ScaPT operates in two stages: Source Training (ST) and Target Training (TT). In ST, modular prompts are interpolated to create participant-wise phenotype prompts, which are then averaged to formulate group-wise phenotype prompts. In TT, these group-level phenotype prompts are combined with a new target prompt to create a participant-wise vertex prompt for the target task.

Deeply-conditioned Input-Prompt (DIP) Mapping

To address the mismatch between soft prompts and input embedding spaces, ScaPT introduces a Deeply-conditioned Input-Prompt (DIP) mapping module. This module uses learnable deep conditioning tokens to guide the pre-trained model in mapping the input to an appropriate prompt space, enhancing the reliability of attention between inputs and prompts.

Experimental Design

Datasets

  • Source Training (ST): Resting state fMRI data from 656 participants of the Lifespan Human Connectome Project Aging (HCP-A) were analyzed to predict 38 phenotypes, alongside sex and age.
  • Target Training (TT): ScaPT was assessed on two classification tasks for neurodegenerative disease diagnosis/prognosis using the Alzheimer’s Disease Neuroimaging Initiative (ADNI) and a regression task for personality trait prediction using the UK Biobank (UKB).

Training Details

The state-of-the-art fMRI language model with a causal sequence modeling structure was used for downstream adaptation. The pre-trained model contains 4 GPT-2 layers with 12 attention heads in each self-attention module. The input must be parcellated by Dictionaries of Functional Modes (DiFuMo).

Results and Analysis

Main Results

ScaPT demonstrated superior performance over fine-tuning and other prompt tuning methods across various sizes of training datasets, scaling well with the number of training data. This underscores ScaPT’s effectiveness in transferring knowledge from high-resource tasks to those with scarce resources.

Classification and Regression Performance

  • CN vs. MCI Classification: ScaPT outperformed fine-tuning and other prompt tuning methods in accuracy and F1 score across different training dataset sizes.
  • Amyloid Positive vs. Negative Classification: ScaPT showed significant improvement in both accuracy and F1 score compared to other methods.
  • Neuroticism Score Prediction: ScaPT achieved lower mean absolute error (MAE) and higher Pearson correlation (ρ) than other methods, demonstrating its effectiveness in regression tasks.


Prompt Interpretation

In the ST stage, phenotype prompts naturally formed clusters corresponding to different brain-behavior associations, such as Personality, Social Emotion, and Cognition. During the TT stage, attention scores between input and phenotype prompts provided semantic interpretation for target tasks, aligning well with the literature.
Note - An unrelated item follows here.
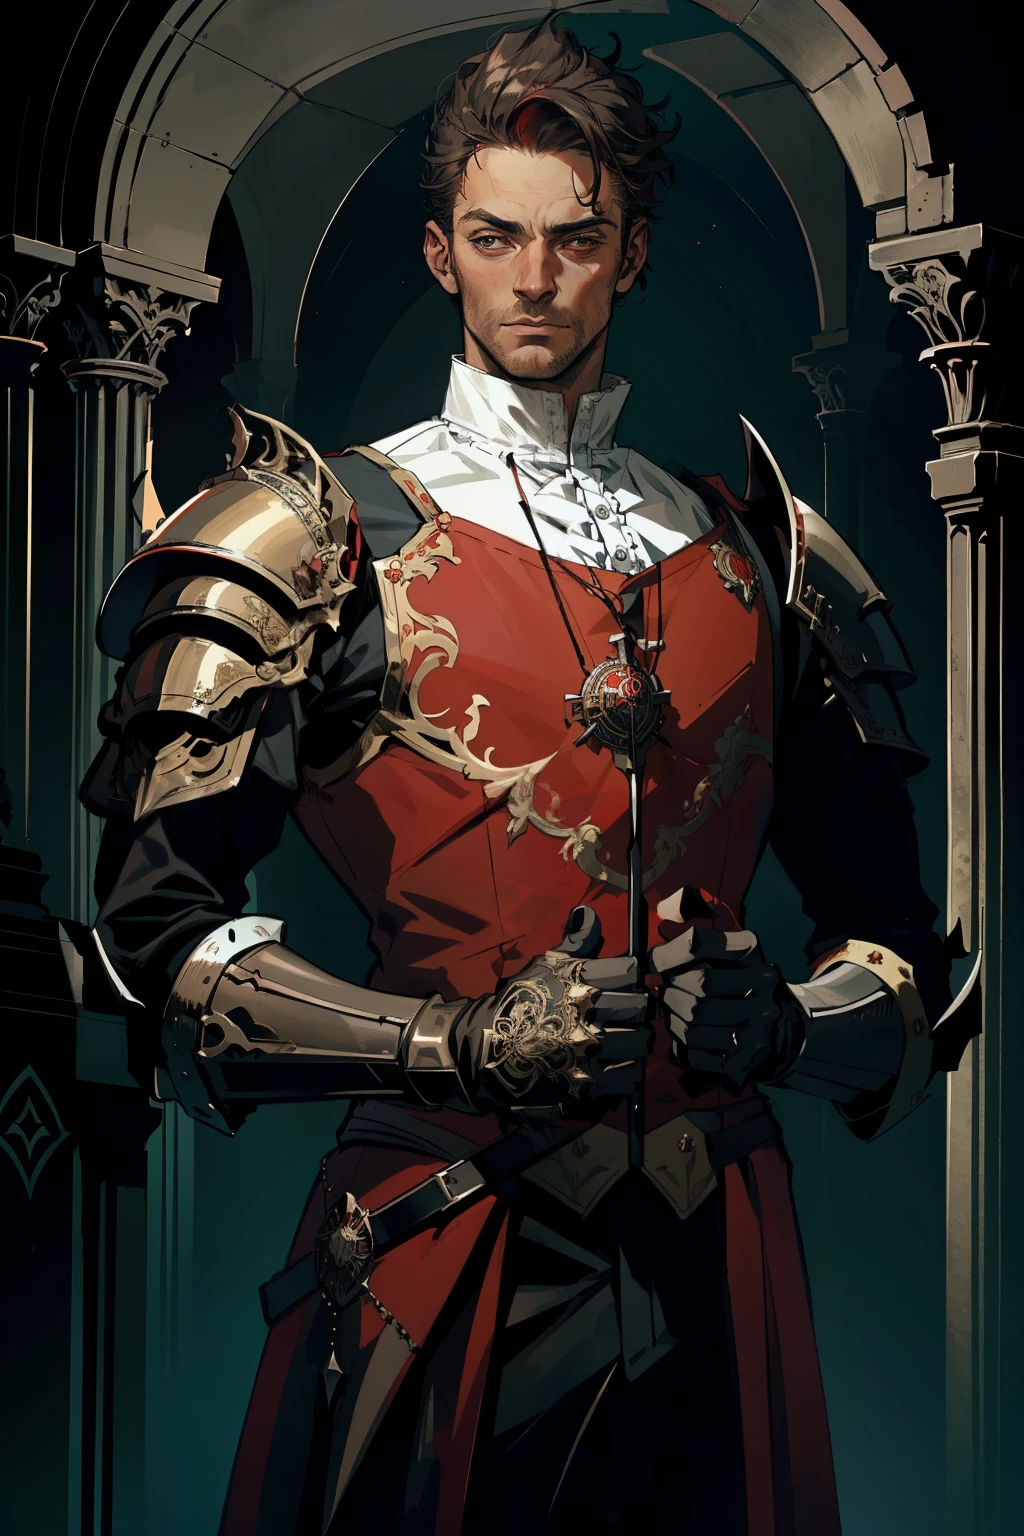 A man in a dark red Victorian suit. The shoulders and head are protected by armor, and a two-handed sword is in his hands. He looks directly at the viewer, wearing a deaf steel helmet.

Ablation Study and Parameter Efficiency

ScaPT outperformed its ablations, demonstrating the importance of high-resource task knowledge and the effectiveness of the DIP module. Despite updating only 2% of total parameters, ScaPT significantly outperformed fine-tuning and other prompt tuning methods, highlighting its parameter efficiency.

Overall Conclusion

Scaffold Prompt Tuning (ScaPT) is a novel framework for efficiently adapting large-scale fMRI pre-trained models to downstream tasks with limited training data. By leveraging a hierarchical prompt structure and a Deeply-conditioned Input-Prompt (DIP) mapping module, ScaPT achieves superior performance and parameter efficiency. Future studies could expand ScaPT’s application to longitudinal data and explore its potential for prompting vision models.


This study was supported by various grants from the Singapore National Medical Research Council, A*STAR, Ministry of Education, and the Yong Loo Lin School of Medicine Research Core Funding, National University of Singapore. The authors have no competing interests to declare.